Holiday Parties at a Glance
A few quick notes on holiday parties:
76 percent of companies will host one (some surveys say it’s closer to 90 percent)
14 percent say they regretted doing or saying something at an office party
With that in mind, here are a few items to consider for your company’s holiday party so you don’t end up dealing with a legal hangover.
While a drink or two can help people relax and feel more at ease, excessive drinking is a major source of the problems that arise at corporate holiday parties. In many states, companies can be held liable for employees’ drinking-related incidents — even if the party happens off-site.

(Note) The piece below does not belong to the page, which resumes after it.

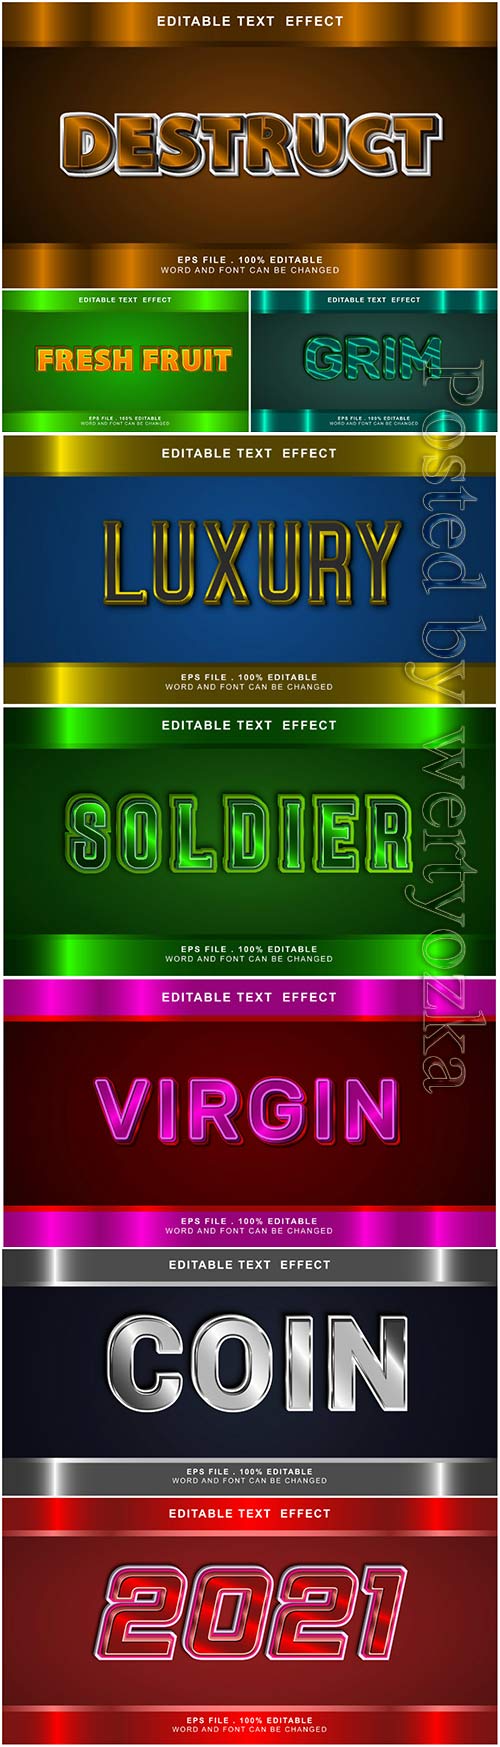 3d editable text style effect vector vol 2

There are a few simple steps organizers can take to limit the potential for trouble:
Never host an open bar
Don’t allow employees to mix their own drinks
Offer drink tickets
Hire a trained bartender who won’t overserve revelers
Only serve beer and wine
Serve food, as well
Supervisors should also set the tone with by limiting their own drinking or designating someone to keep an eye on alcohol consumption among employees.
Reminders about appropriate clothing, and not having a nightclub-like atmosphere, also can be helpful in curbing potential issues.
Of course, drinking also heightens the potential for a sexual harassment incident.
Before the party, it’s a good idea to redistribute company policies regarding appropriate behavior and remind employees that a holiday party (regardless of where it’s held) is an extension of the workplace. Also, should an employee report sexual harassment, HR teams should respond promptly and treat complaints seriously.
Lastly, don’t hang mistletoe. Just don’t.
People enjoy the holidays in different ways. Including activities for those who abstain from drinking or won’t enjoy office games is important to make all employees feel included.
Meanwhile, don’t make religion a focus of your holiday party. Note, however, that the courts have ruled decorations such as Santa Claus and a tree as secular in nature. Be considerate of your workers’ varied backgrounds.
Remember to invite your remote employees, as well.
Forcing Workers to Attend
Many employees fear reprisals for not attending the company holiday party. Make sure any communication about the party is clear about attendance.
It’s best to make the party optional and remind supervisors not to take adverse actions against employees who decide to skip it. Plus, if the event will be held after the workday, there may be concerns about paying employees for their time.
There’s an often-cited case from California in which a woman got home safe from an office holiday party. She then left her home and got into a drunk-driving crash. The company was held liable.
If your party will involve alcohol, determine whether offering employees an alternative way to get home makes sense. Tip: Provide a discrete way for the company to reimburse workers who take a cab or ride-sharing service after the party.
Also, it’s generally not a good idea to allow supervisors to drive subordinates home.
This post isn’t meant to throw a wet blanket on your holiday party planning. But experienced HR professionals know that this time of year can be fraught with compliance issues. Let common sense guide any decisions you make about the event.
This Labor Law News Blog is intended for market awareness only, it is not to be used for legal advice or counsel.